Objective: Practice of quantitative evaluation to myocardial systolic and diastolic function of aortic stenosis patients before and after operation by technique of the Velocity Vector imaging. Data of ordinary person was obtained as a comparison to reveal the heart functional characteristics and the change of the heart function of post aortic valve replacement surgery was observed at the same time. At the end of the study, a brief conclusion about the value of the non-invasive measurement, the VVI technique, and be made, especially in the realm of assessment of the systolic and diastolic heart function of the patient after the aortic valve replacement surgery.

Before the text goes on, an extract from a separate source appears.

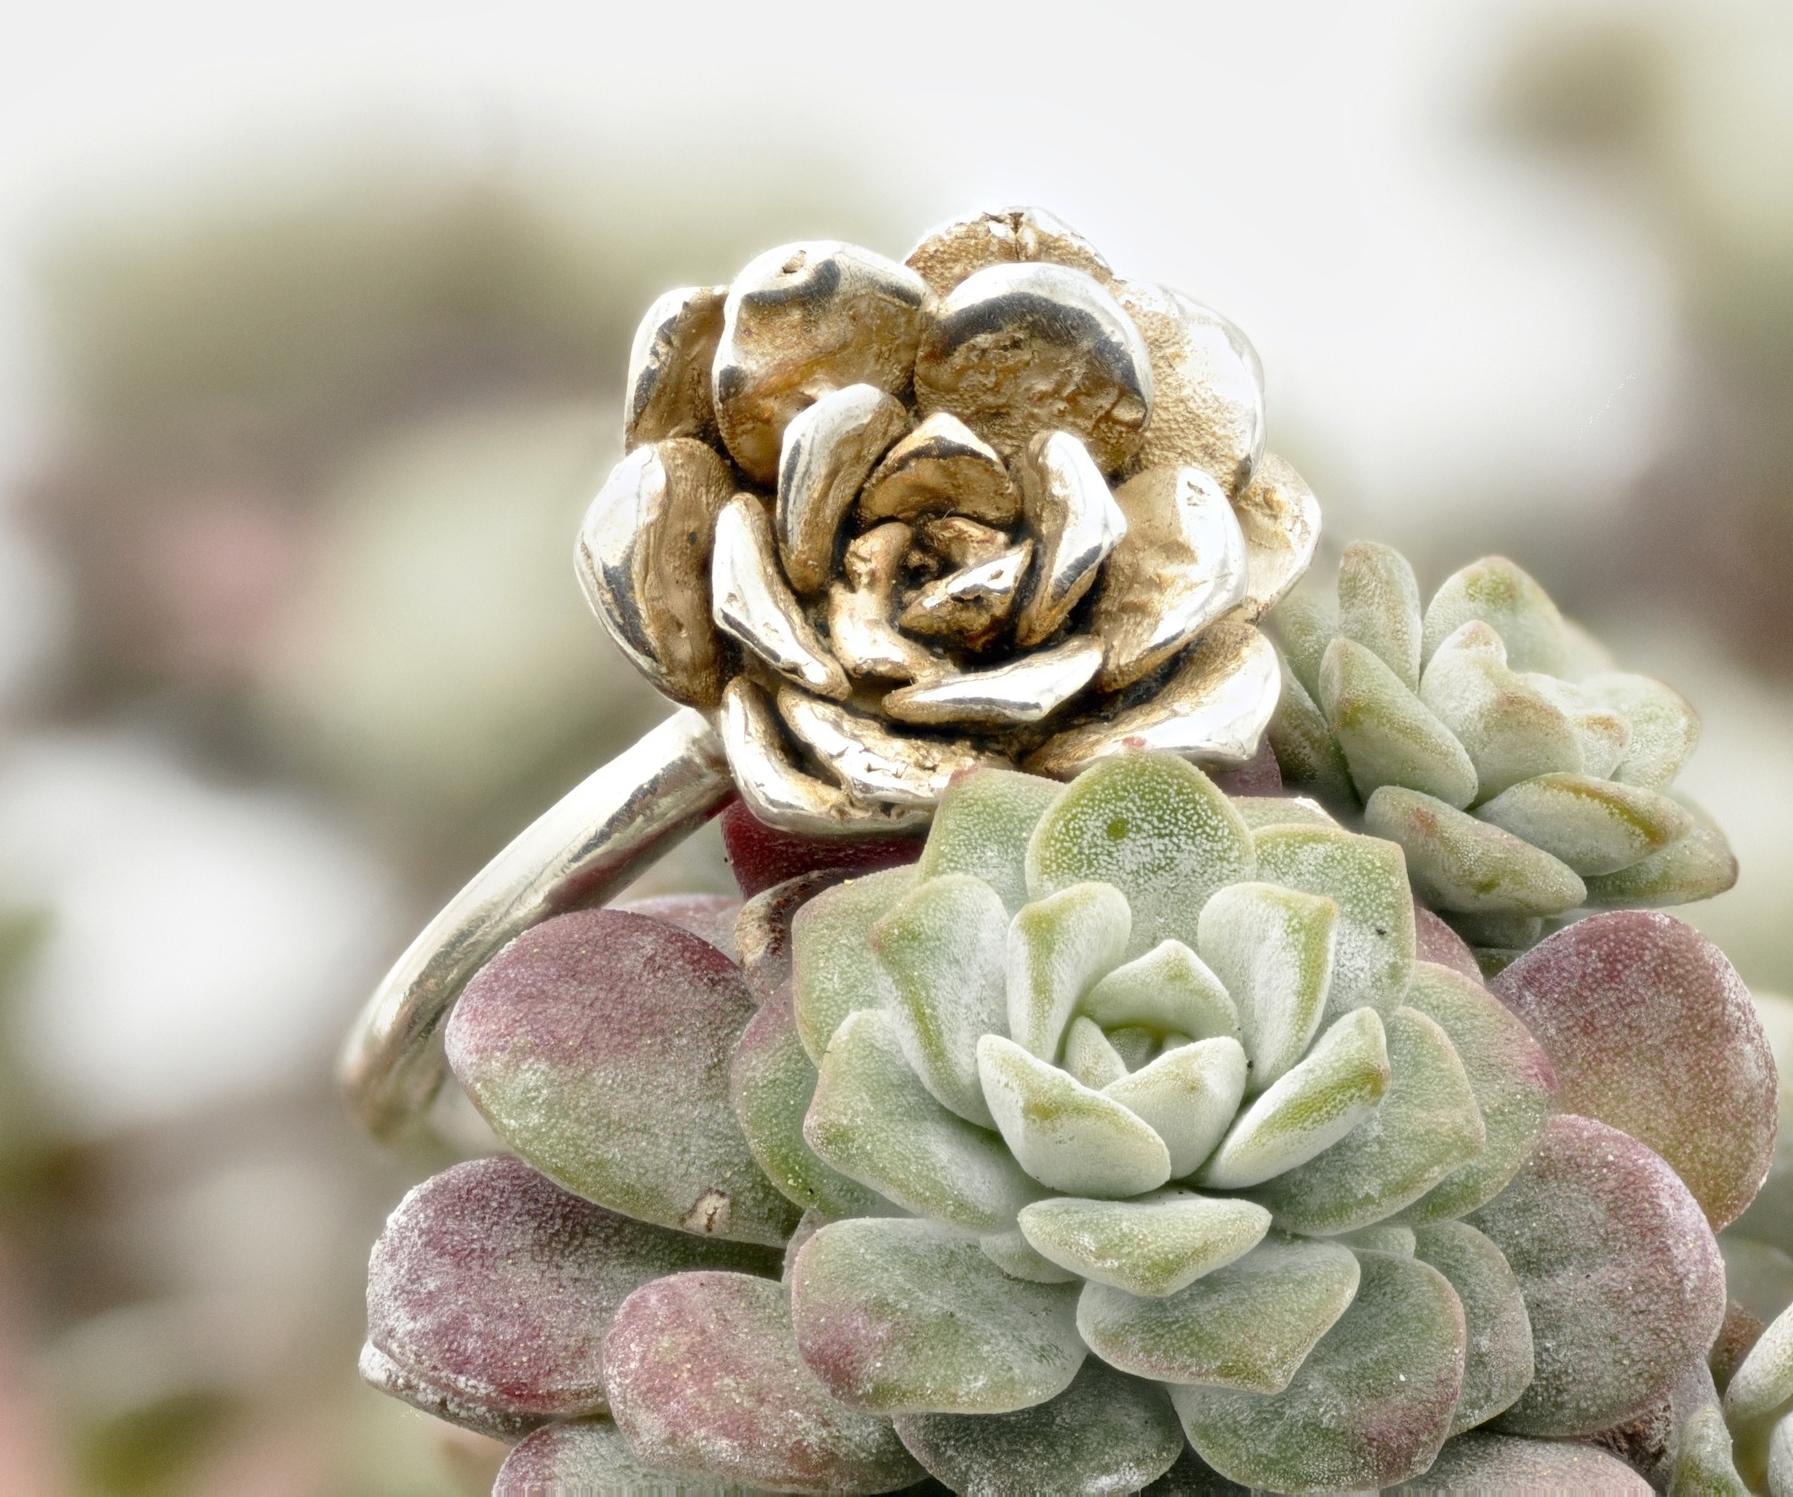 capo-blanco-sterling-silver-rosette-ring-on-plant7 - 1.jpg

     Methods: 32 aortic stenosis patients received the Aortic Valve Replacement surgery (during 2007.5--2008.1 in the 2nd Xiangya Hospital) were observed who have no coronary disease and arrhythmia, no other valve disease(by B-ucg) and EF>55%. Another 32 ordinary people were selected as a contrast group by corresponding sex and age. Those patients who have history of coronary artery disease, hypertension, congenital heart disease and who were proved suffering diabetes, thyroid disease, metabolic disease, connective tissue disease, malnutrition, severe hepatic and renal dysfunction, drug and alcoholic abuse, and in periodical period. Three kind of data on the 16-segment-myocardium were measured by the VVI technique: I -systolic apex strain, systolic apex strain rate(Ss) II -diastolic apex strain (Sd), diastolic apex strain rate (SRd); III - peak time of strain(PTS), peak time of strain rate(PTSR). Each data is taken from single heart cycle.

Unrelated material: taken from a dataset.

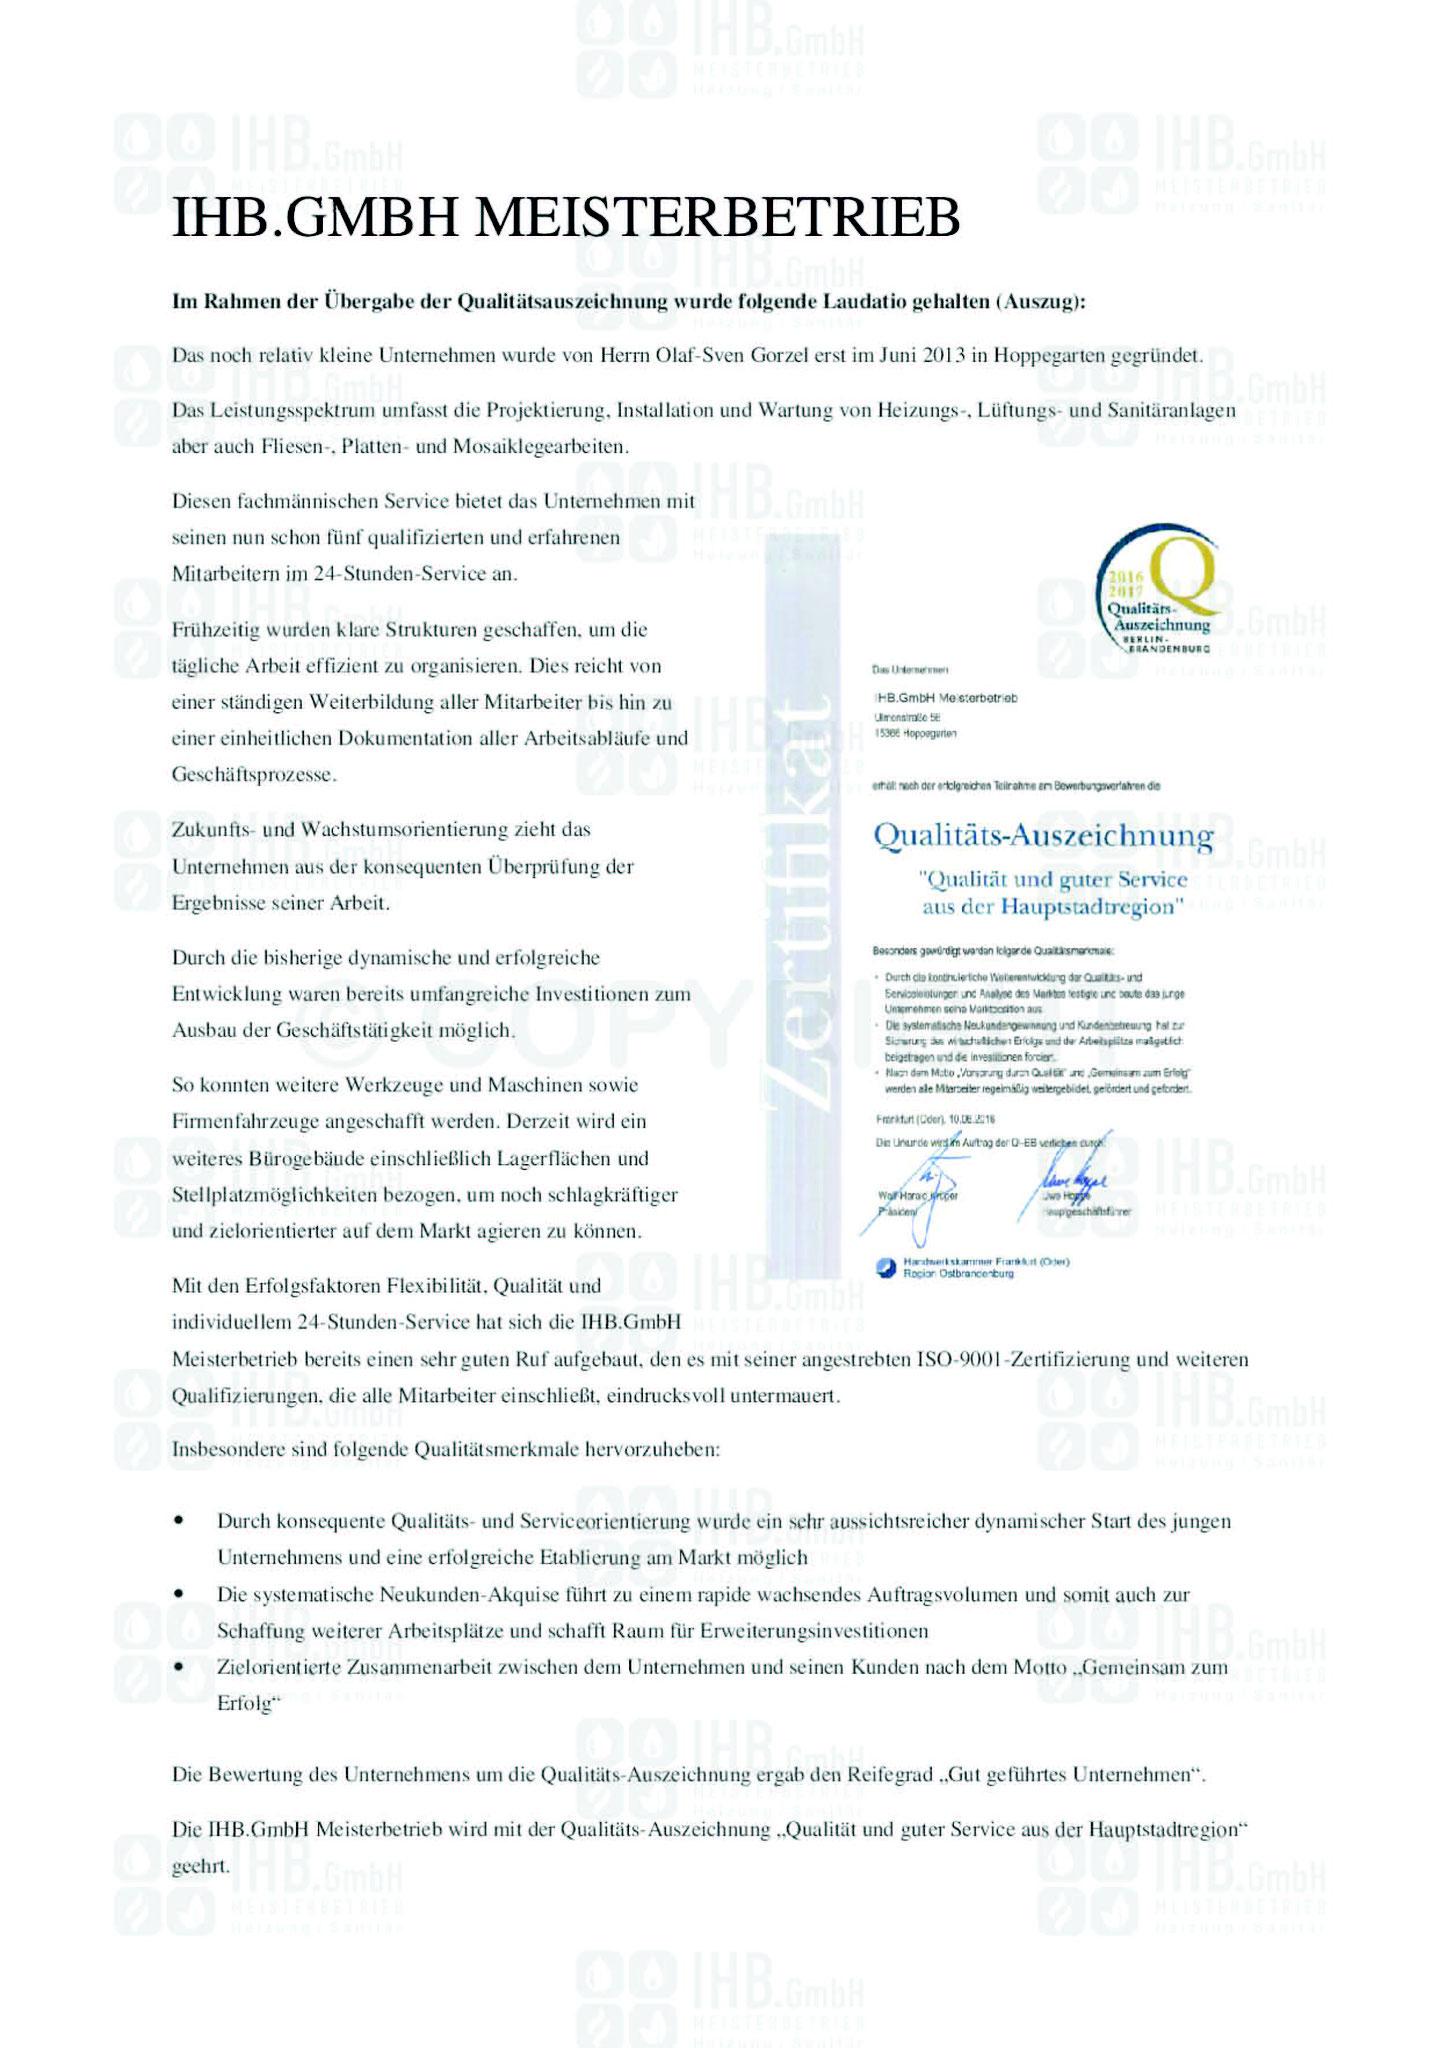 Qualitätsauszeichnung 2016/2017 - Laudation

     Results: The systolic and diastolic S and SR of long-axis myocardium of the aortic patients before surgery are significantly lower than the ordinary group(P<0.05). The consistence of PTS and PTSR in the 16 segments is good, but the segments are longer than the ordinary group(P<0.05). The myocardial systolic and diastolic S and SR of post surgery patients are higher than those before surgery while lower than the ordinary group.(P<0.05) The consistence of PTS and PTSR in the 16 segments is good and the length of the segments are longer than the ordinary group (P<0.05)while there is no difference to the data before surgery.
     Conclusion: The VVI technique can reveal the small changes of function of the long-axial myocardium objectively and accurately. It is a new kind of non-invasive and credible measurements which can evaluate heart function accurately and the recovery of heart function and the fellow-up. It will be widely used in clinical work with more understanding of its characteristics.